Un'importante testimonianza extrabiblica, appartenente al II sec. d.C., la troviamo in una lettera a Traiano di Plinio il Giovane, governatore della Bitinia, in cui si menzionano due donne designate dai cristiani come ministrae, probabilmente termine equivalente al greco diakonoi. («Ho creduto necessario ricavare delle in formazioni mediante la tortura da due serve che essi chiamano ministrae»). Sempre nello stesso secolo abbiamo la testimonianza degli apocrifi Atti di Paolo che presentano Tecla come l'esemplare discepola dell'Apostolo che, come vera diaconessa, annunzia la Parola di Dio a Iconio per esplicito incarico di Paolo e celebra il sacramento del battesimo o l'illuminazione.
Clemente Alessandrino, inoltre, afferma che le donne insegnavano ed erano coinvolte nel ministero: «Gli apostoli lavorarono senza tregua alla predicazione evangelica come si confaceva al loro ministero, presero con loro le donne, non solo le mogli ma anche le sorelle, per coinvolgere nel loro ministero le donne che vivevano con loro; per mezzo di esse l'insegnamento di Dio raggiunse le altre donne nelle loro case senza destare sospetto» (Clemente Alessandrino, Stromata, 3,6,53). Solamente nel III sec. compaiono i termini specificatamente cristiani di diaconessa o diacona visto che, in questo secolo, alcune fonti testimoniano l'esistenza di un ministero ecclesiale specifico esercitato da diaconesse soprattutto nelle Chiese orientali, in particolare in Siria e Costantinopoli. La prima apparizione in un documento ecclesiastico del termine diaconessa è da ricercarsi in un trattato canonico-liturgico del 240 d.C., la Didascalia degli Apostoli, in cui il vescovo è a capo di una piccola comunità che dirige con l'aiuto di diaconi e diaconesse. [...]

Il compito delle diaconesse
Le diaconesse certamente svolgevano alcuni compiti del diacono, ma non era concesso loro di predicare in pubblico e di compiere il servizio dell'altare, oltre che di ascendere ad un grado più alto nella "gerarchia ecclesiale", ma l'analisi minuziosa dei formulari liturgici fatta dagli esperti, mostra come nelle Chiese di area siriaca la consacrazione delle diaconesse sia stata ed è ancora considerata alla stregua di quella dei diaconi e quindi da accostare alla triade episcopato, presbiterato, diaconato. Questo perché se è pur vero che suddiaconi e lettori ricevevano l'imposizione delle mani da parte dell'episcopo, è altrettanto vero che il conferimento avveniva al di fuori del santuario e della liturgia eucaristica, senza la formula rituale e con una sola orazione.

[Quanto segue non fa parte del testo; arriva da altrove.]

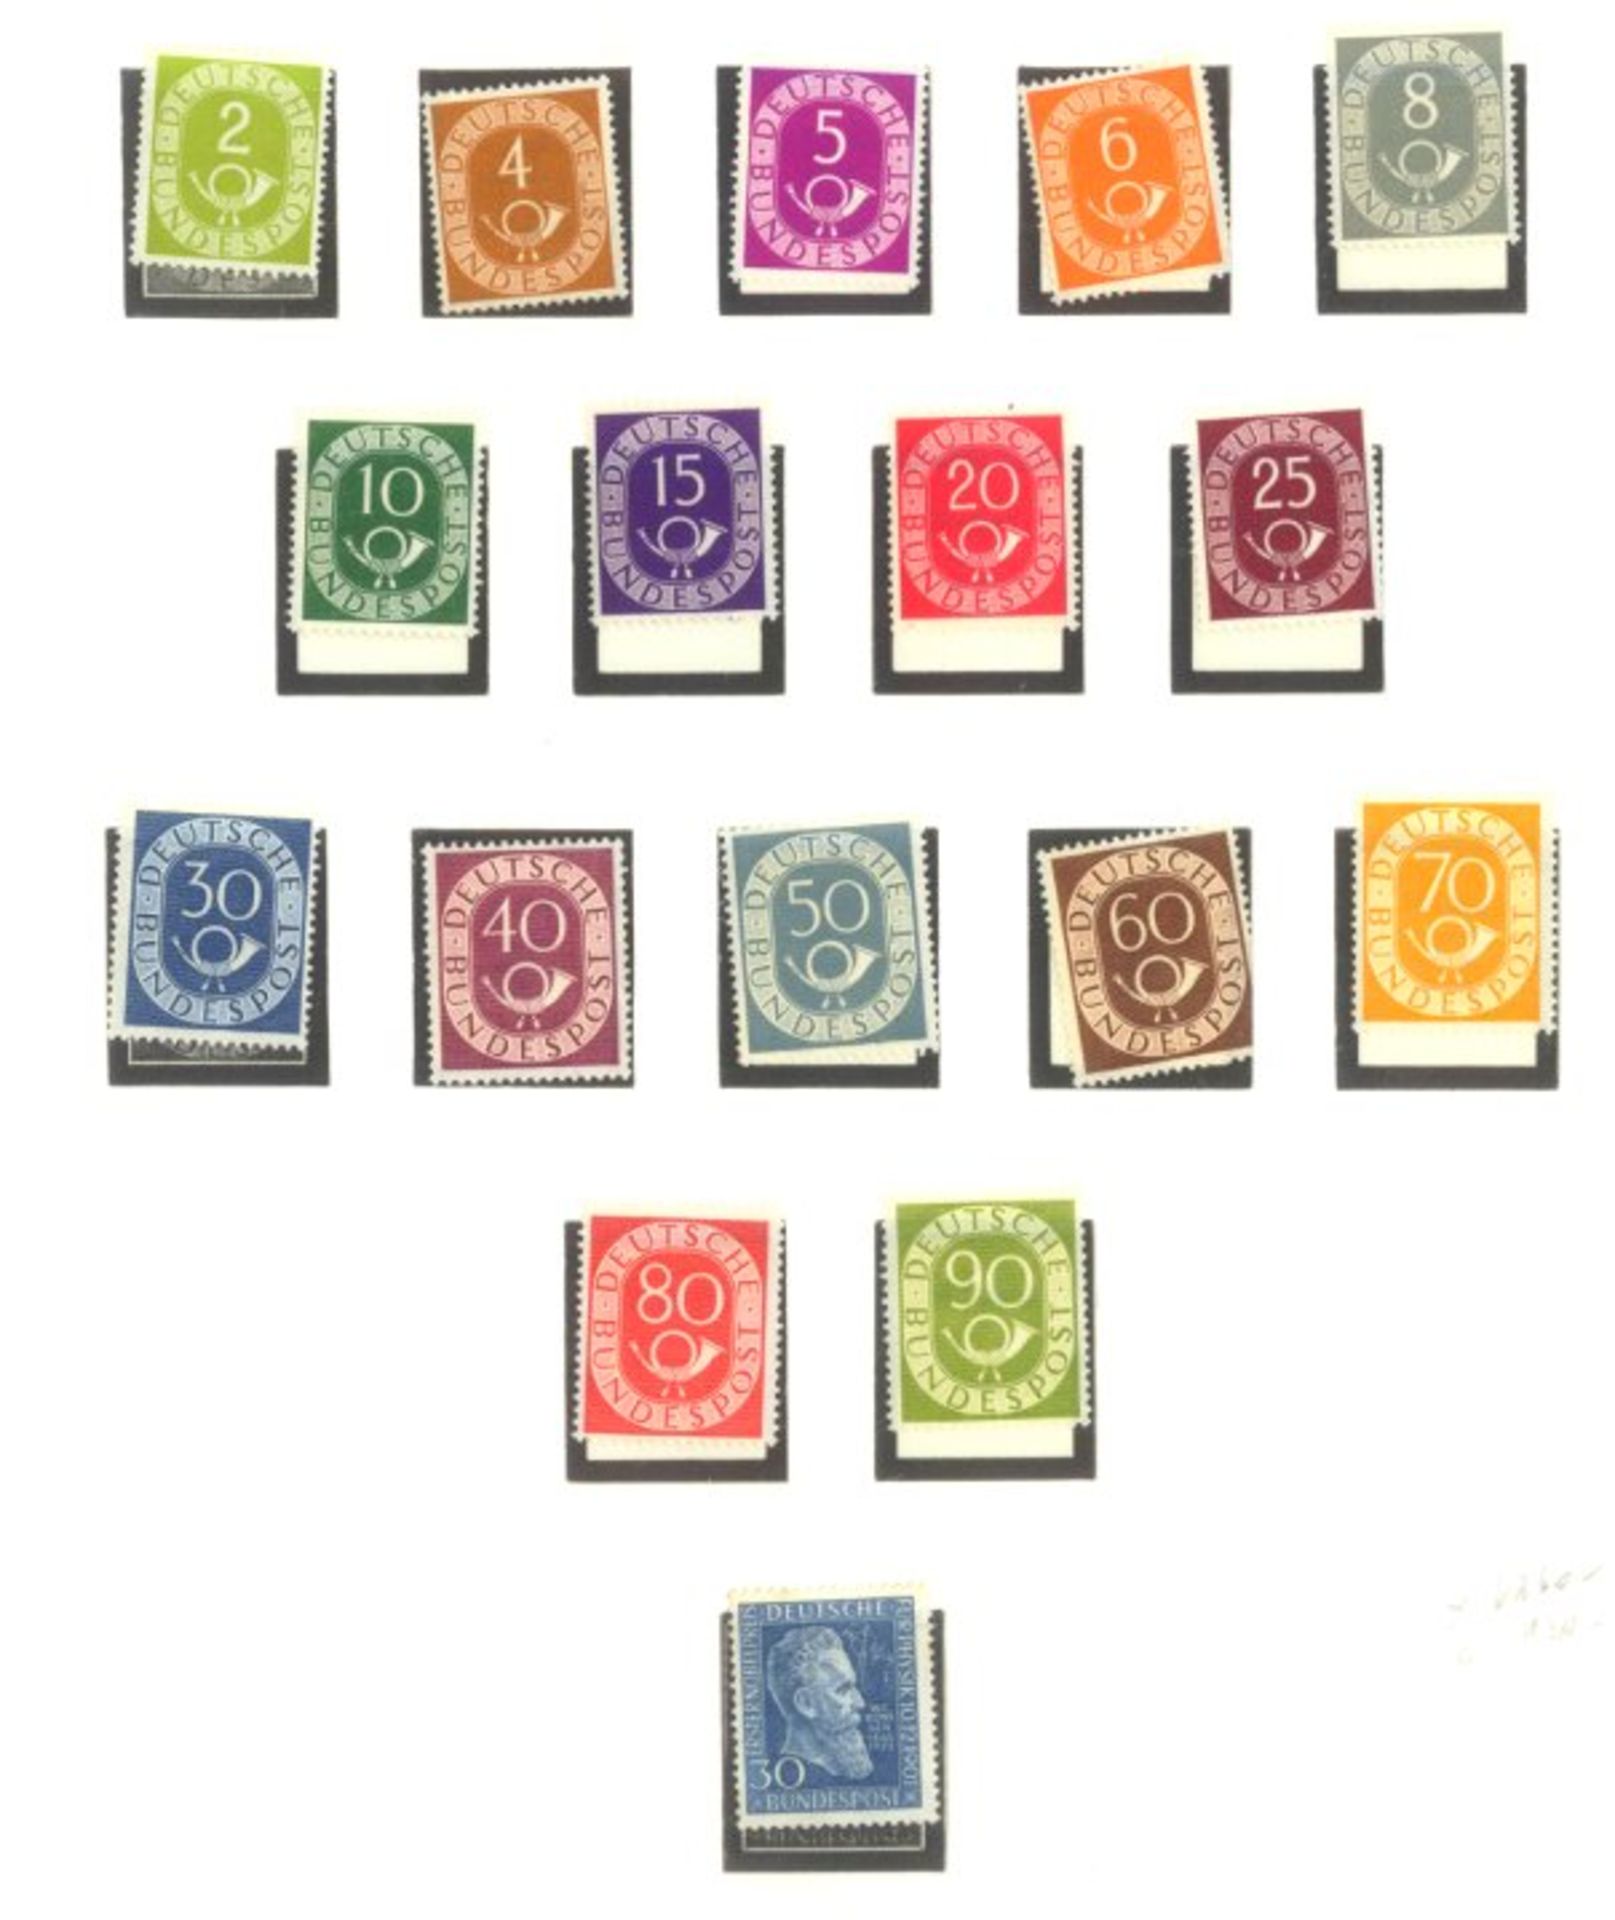 BUND 1949-1986sehr saubere postfrische Sammlung auf LINDNER -Falzlosblättern mit 3 Ringbindern. In - Bild 4 aus 9

Allora diventa lecito e legittimo chiedersi se l'imposizione delle mani sulle donne costituisse una chirotonia o una chirotesia, ossia un gesto di consacrazione avente, appunto, un valore sacramentale o di semplice benedizione. Un'ordinazione o un'istituzione corrispondente alle esigenze pastorali della Chiesa antica?

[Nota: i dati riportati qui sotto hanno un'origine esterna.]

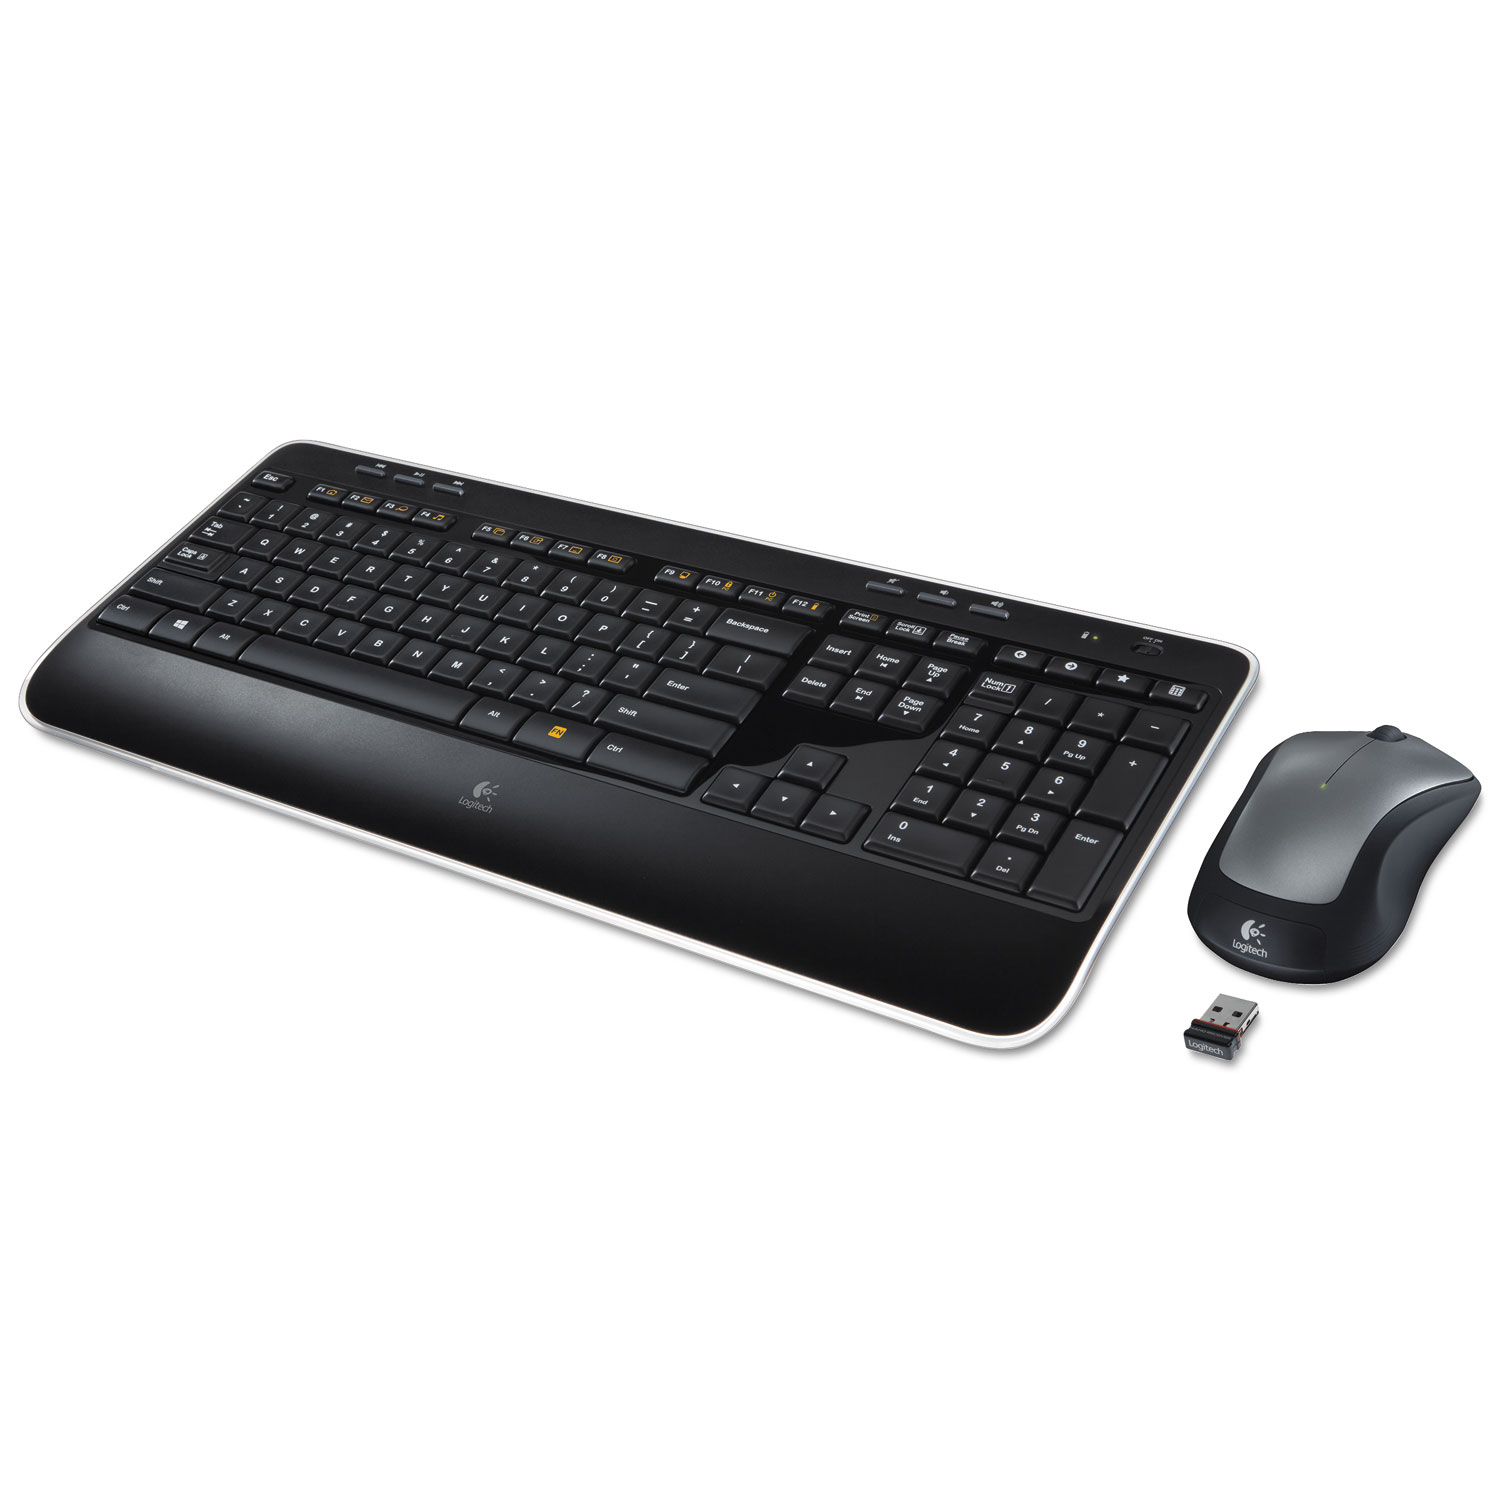 MK520 Wireless Keyboard + Mouse Combo, 2.4 GHz Frequency/30 ft Wireless Range, Black

Il can. 15 del Concilio di Calcedonia (451) sembra confermare ciò che le Costituzioni Apostoliche lasciano pensare, ossia la natura sacramentale dell'ordinazione delle diaconesse che avviene attraverso una cheirotonia e il loro ministero è detto leitourgia, anche se non possono avere accesso all'altare e ad alcun effettivo ministero liturgico in quanto non possono accedere al sacerdozio.

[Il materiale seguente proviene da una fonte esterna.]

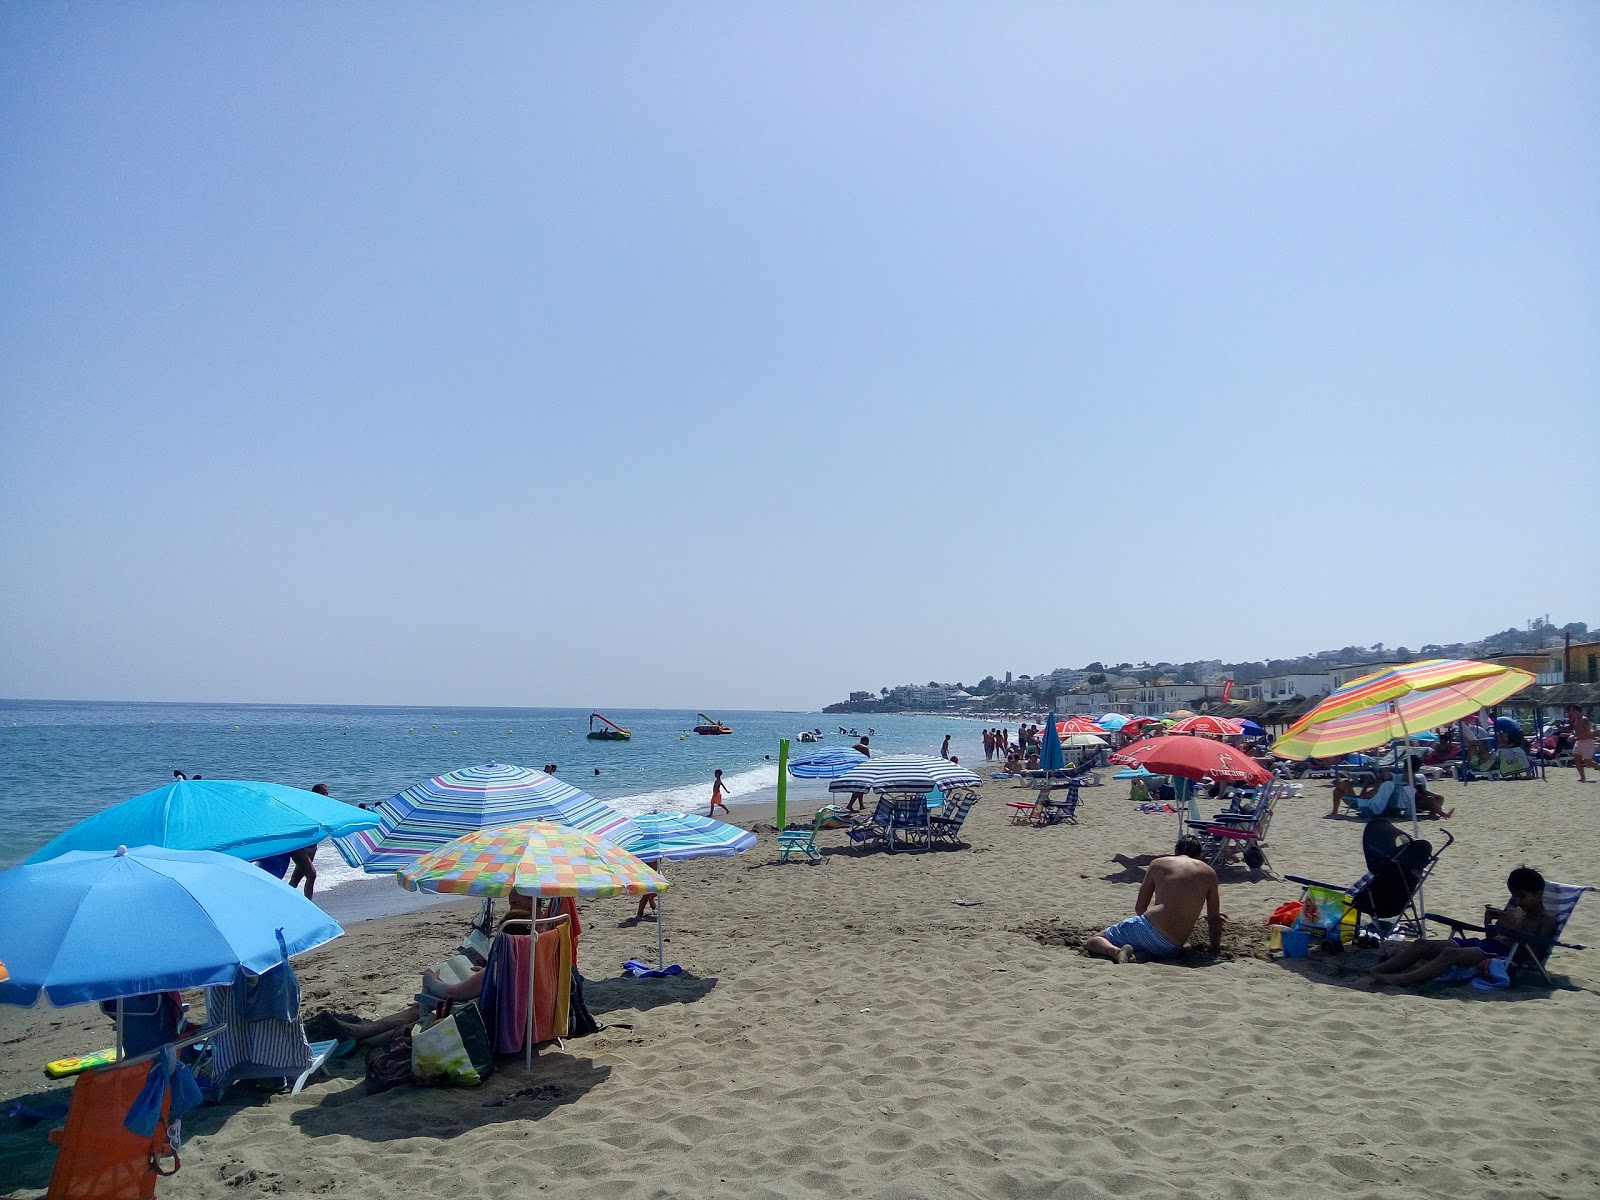 la Cala de Mijas'in fotoğrafı geniş plaj ile birlikte

In particolare il Concilio afferma: «Non si ordini diacono una donna prima dei quarant'anni e non senza diligente esame. Se per caso dopo aver ricevuto l'imposizione delle mani ed aver vissuto per un certo tempo nel ministero dovesse contrarre matrimonio disprezzando con ciò la grazia di Dio, sia anatema insieme a colui che si è unito a lei». Da notare che il Concilio sottolinea la possibilità di ricevere il sacramento dell'ordine alle donne dai quarant'anni in poi, anticipando di vent'anni tale limite di età rispetto a ciò che si afferma nella 1Tm 5,9. Inoltre, è opportuno precisare che le funzioni liturgiche vietate alle diaconesse, ai tempi di Calcedonia erano vietate anche ai diaconi che avevano funzioni di carattere catechetico e caritativo.
Anche il primo Concilio di Nicea (325) al can. 19, relativo alla riconciliazione con i membri della setta di Paolo Samostata, afferma che tutti i chierici, diaconesse comprese, devono essere ribattezzati e ordinati da un vescovo della Chiesa cattolica. Inoltre, il secondo Concilio di Nicea (787), al can. 1, approvò le Costituzioni Apostoliche e i sei precedenti Concilii Ecumenici, riconoscendo l'ordinazione delle diaconesse.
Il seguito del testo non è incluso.